When their child was born in 2011, Suzan stayed home to take care of him, while Kimberly went back to work.
But the relationship went sour and shortly before the child’s second birthday, Kimberly took the child and moved out of the family home, cutting off all contact between him and Suzan while simultaneously petitioning for a divorce.
Under Arizona law, a man is presumed to be the father of a child if he and the mother “were married at any time in the ten months immediately preceding the birth.” But the law had never been applied to two women in the same situation.
The Arizona Supreme Court ruled last fall that the state’s method for determining paternity should apply to women who have children in same-sex marriages just as it does to a opposite-sex couple. It pointed to the U.S. Supreme Court’s 2015 ruling in Obergefell v. Hodges that legalized same-sex marriage nationwide and gave same-sex couples the same rights and responsibilities as traditional marriages.
Kimberly appealed, but the high court’s decision Monday to let the Arizona Supreme Court ruling stand “simply reaffirms what the court has already made clear,” said Douglas Hallward-Driemeier, one of Suzan’s attorneys.
“These rights have to be equal whether that’s same-sex or opposite-sex couples,” he said.

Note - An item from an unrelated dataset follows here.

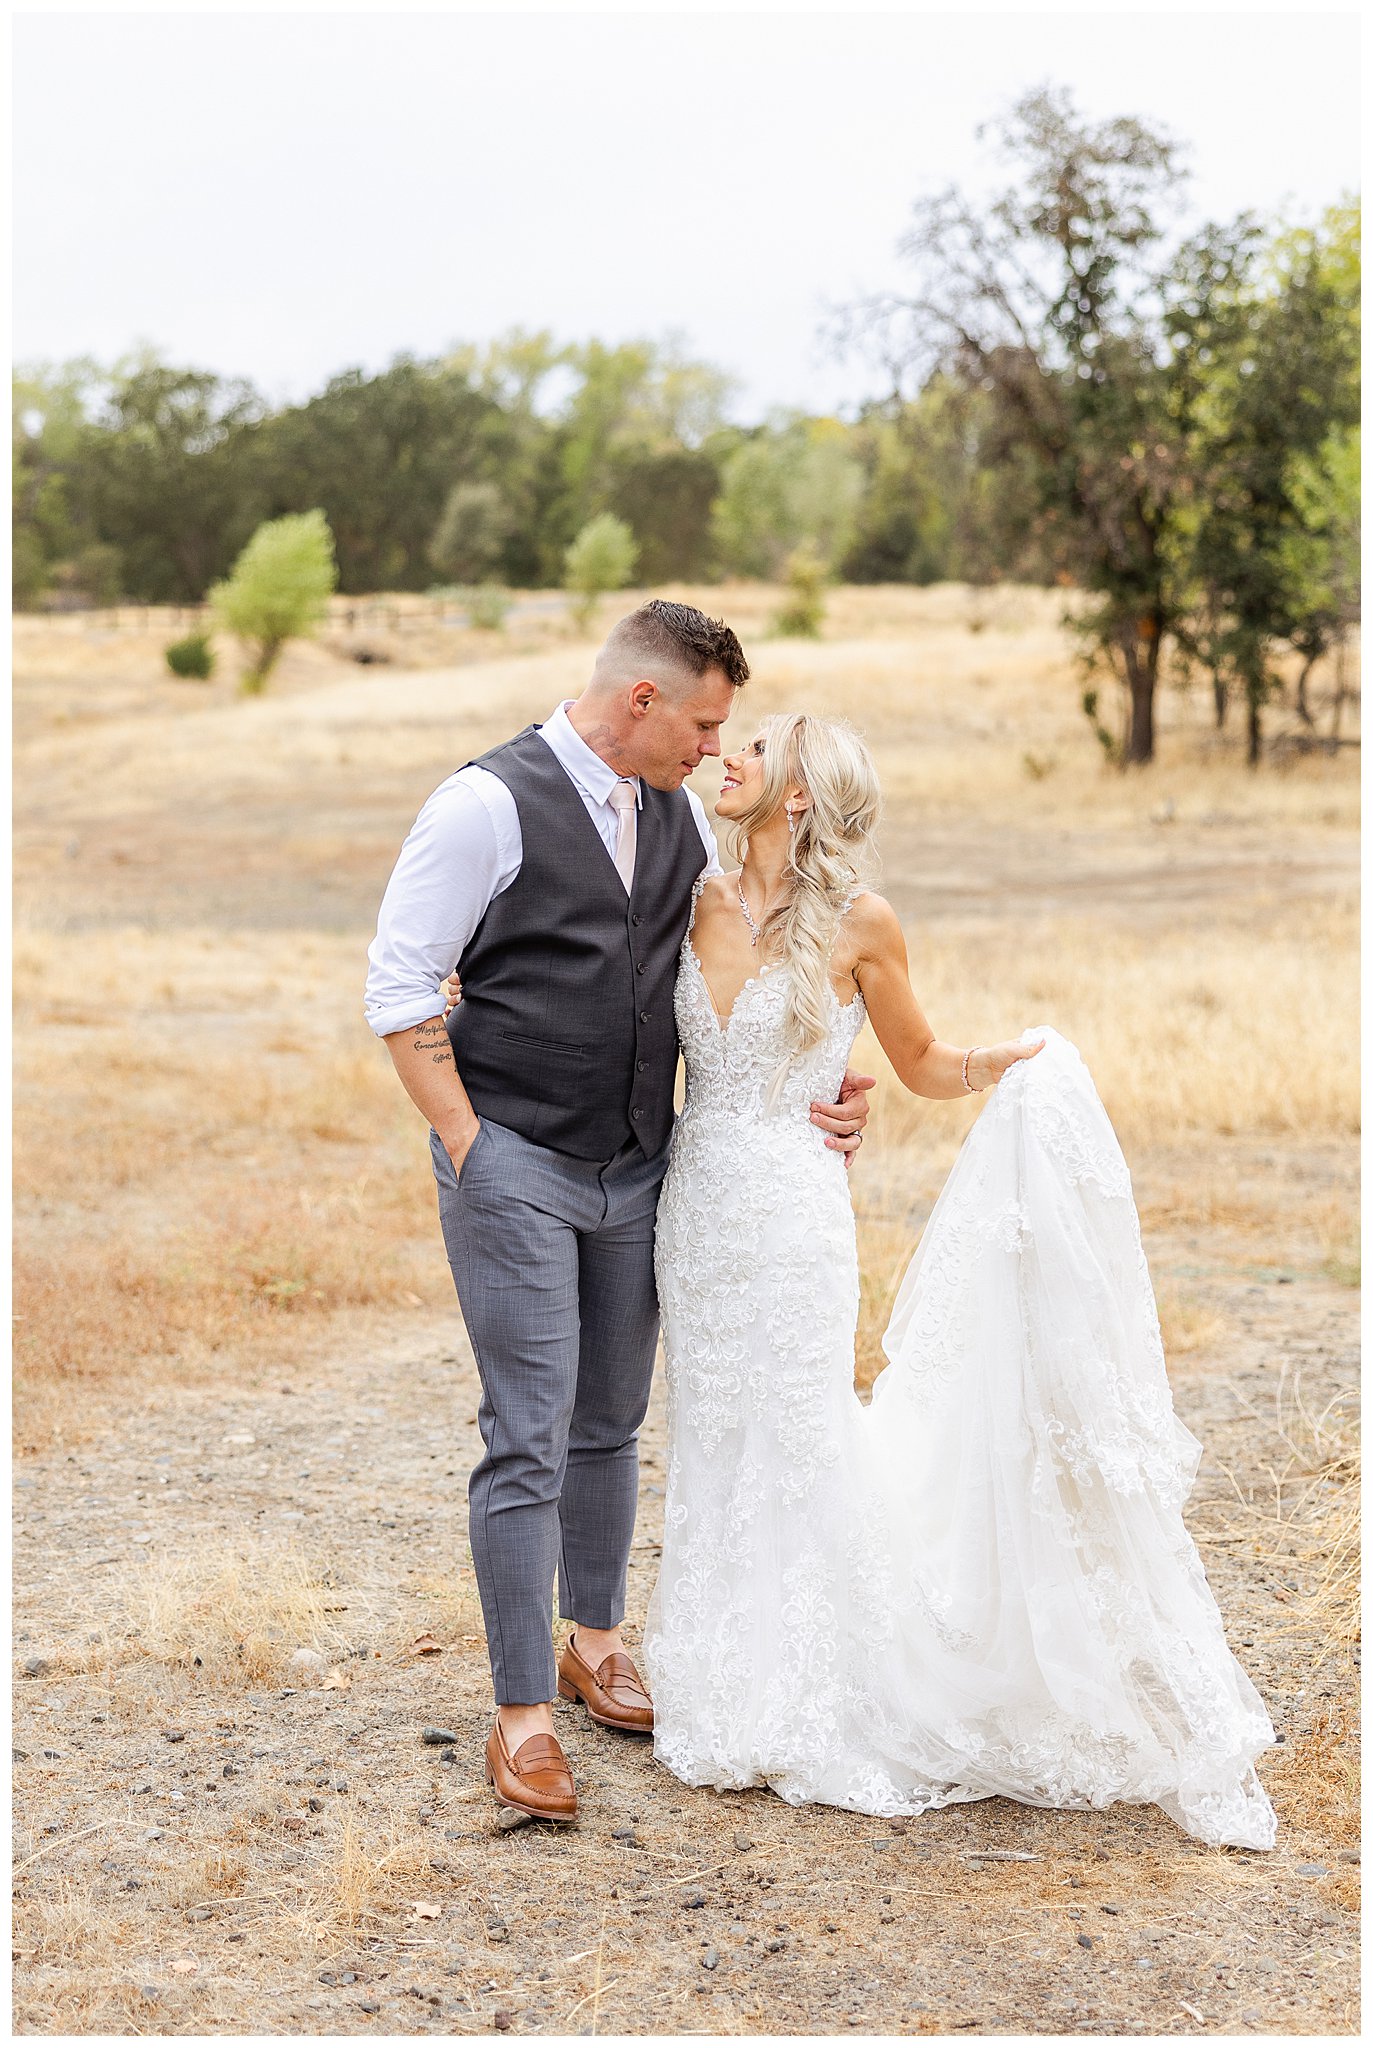 Walking on Wedding Day in Grass Field | Svetlana + Brett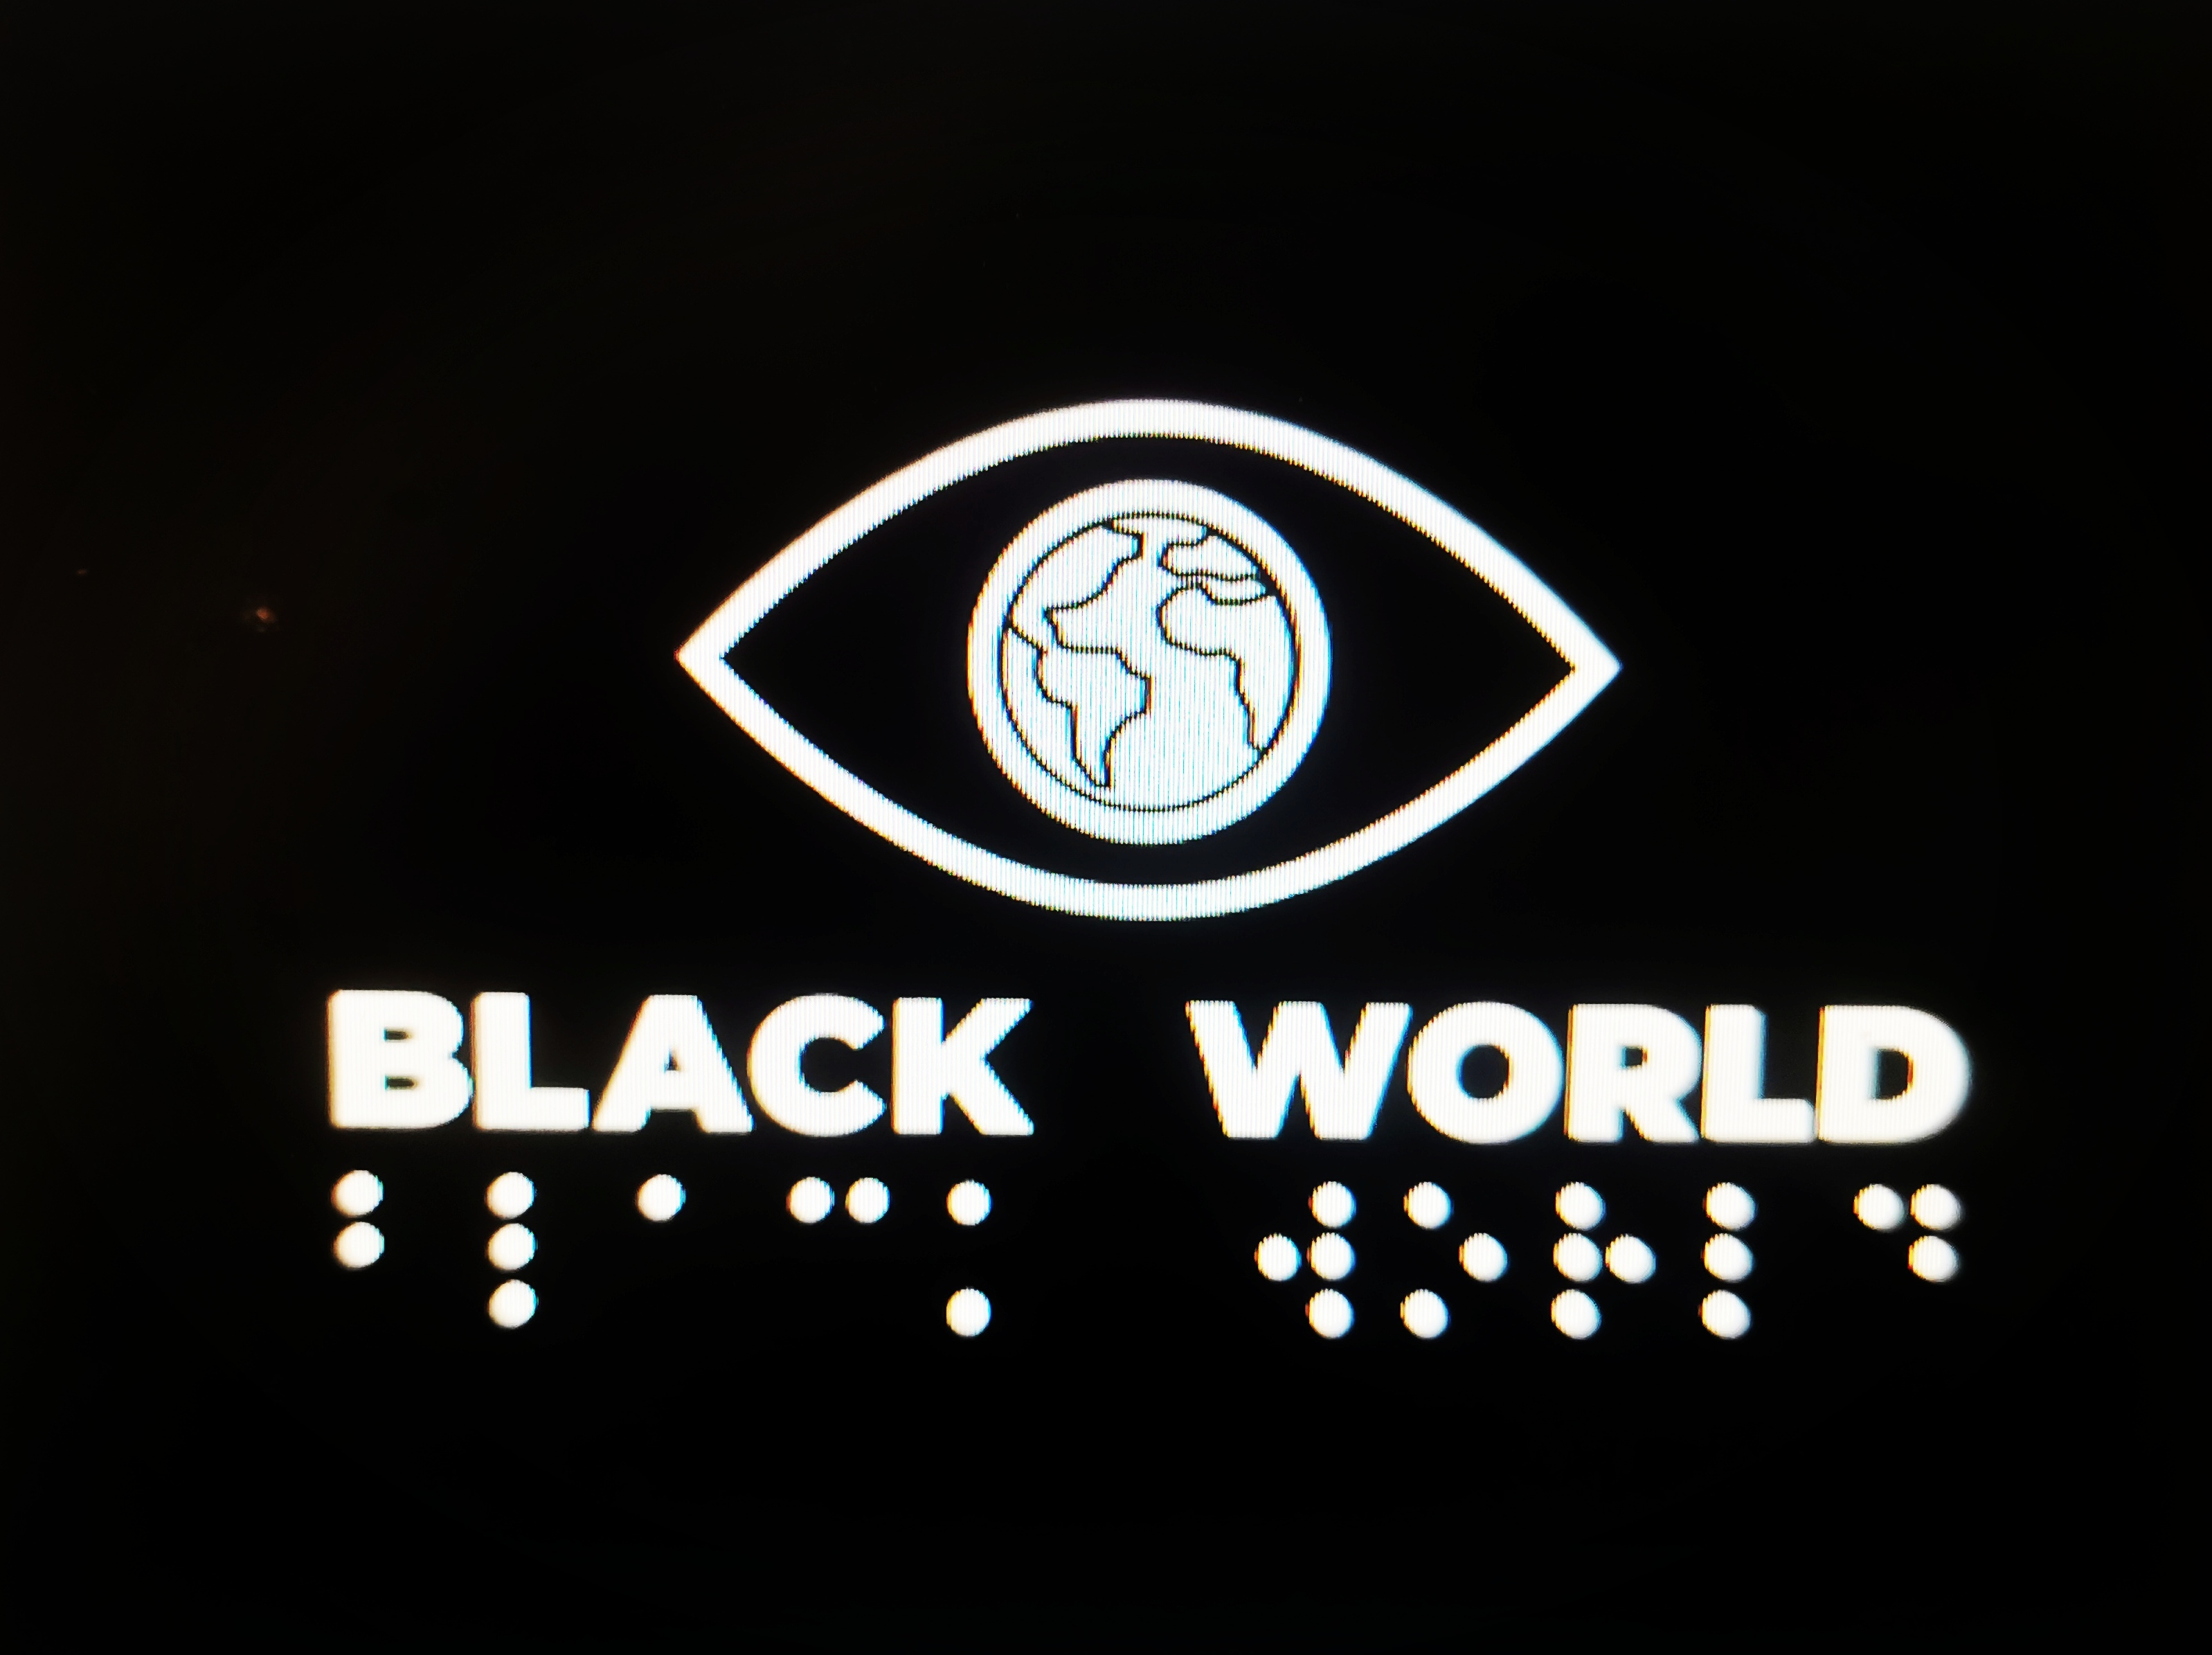 BLACK WORLD

Legal advocates for LGBT rights agreed that the court’s ruling in Obergefell was clear on the rights it gave same-sex couples.
“It is another reaffirmation that the Supreme Court understands that marriage equality means marriage equality,” said Catheryn Oakley, senior state legislative director and legal counsel for the Human Rights Campaign.
Nancy Marcus, law and senior policy attorney for Lambda Legal said, courts “have been very clear … it’s not just the marriage itself but the rights in marriage that same-sex couples are entitled to.”
The McLaughlins’ case will now be sent to the Arizona family courts to make custody arguments.
“Family law is not pretty,” said Marcus. But she said that along with the right to marriage comes the right to divorce, because when a marriage falls apart, “that is when you need those protections the most.”